Where I'd like to drive the question is towards the medium-specificity issue in photomaking. Some people would argue that only the medium manipulations (exposing, developing, printing) are what determines the value of one's work(wo)manship as a photographer, other might disagree. Sounds weird? Well what do we say about skilled painters? Often that they manipulate their medium in a masterful way: Turner, Leonardo, Caravaggio, all these people are called great painters in large part because their painterly skills are amazing. Likewise, the Photo-Secession school has argued over and over again that a successful photo is one that shows medium-specific attributes, and tries not to borrow from other arts. Even here on APUG, our basic premise is that there is a medium which we choose to work in, and that has an important bearing on the quality of the final result.

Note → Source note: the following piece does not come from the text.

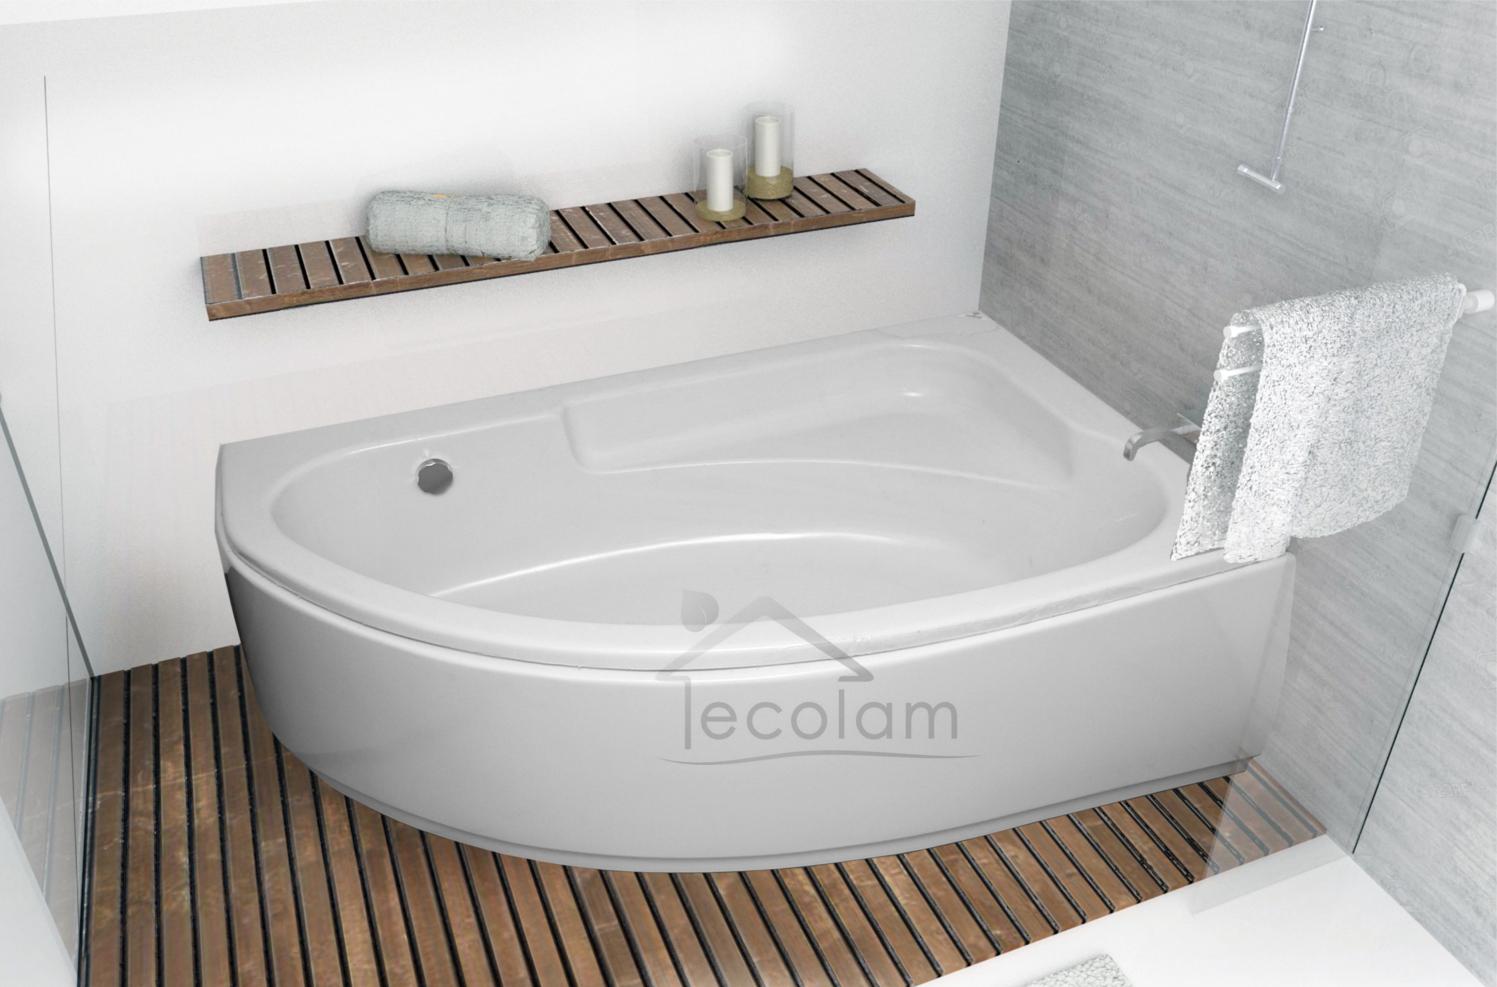 badewanne wanne eckwanne acryl 175 x 110 cm sch rze f e. Black Bedroom Furniture Sets. Home Design Ideas

An example that I ponder about a lot for example is the work of Spencer Tunick. As a printer, his pictures are often on par with a drugstore photo. To keep the parallel with painting, his manipulations of the medium are so-so. But his efforts are not into the medium manipulations, they are rather in the research of subjects and in the tactics developed for quick deployement of his scenes. The result is still something that still functions under a traditional "aesthetic" interpretation (a striking visual scene), and does not need much awareness of more conceptual forms of art to be understood, which are usually those that challenge aesthetic perspectives.
A difference I would see between Tunick and a painter that would also create such "striking scenes" is that the painter needs years of practice to get the shapes and the colors straight (i.e. it takes him a lot of effort to manipulate his medium), whereas for Tunick the medium effort is minimal, and his energies go elsewhere.
So do you call these skills outside medium manipulations "photographic skills" ? In your own work, what are the types of efforts that you make you consider essential to your picture practice?
Where I'd like to drive the question is towards the medium-specificity issue in photomaking. Some people would argue that only the medium manipulations (exposing, developing, printing) are what determines the value of one's work(wo)manship as a photographer, other might disagree. Sounds weird? Well what do we say about skilled painters? Often that they manipulate their medium in a masterful way: Turner, Leonardo, Caravaggio, all these people are called great painters in large part because their painterly skills are amazing. Likewise, the Photo-Secession school has argued over and over again that a successful photo is one that shows medium-specific attributes, and tries not to borrow from other arts. Even here on APUG, our basic premise is that there is a medium which we choose to work in, and that has an important bearing on the quality of the final result.
An example that I ponder about a lot for example is the work of Spencer Tunick. As a printer, his pictures are often on par with a drugstore photo. To keep the parallel with painting, his manipulations of the medium are so-so. But his efforts are not into the medium manipulations, they are rather in the research of subjects and in the tactics developed for quick deployement of his scenes. The result is still something that still functions under a traditional "aesthetic" interpretation (a striking visual scene), and does not need much awareness of more conceptual forms of art to be understood, which are usually those that challenge aesthetic perspectives.
A difference I would see between Tunick and a painter that would also create such "striking scenes" is that the painter needs years of practice to get the shapes and the colors straight (i.e. it takes him a lot of effort to manipulate his medium), whereas for Tunick the medium effort is minimal, and his energies go elsewhere.
So do you call these skills outside medium manipulations "photographic skills" ? In your own work, what are the types of efforts that you make you consider essential to your picture practice?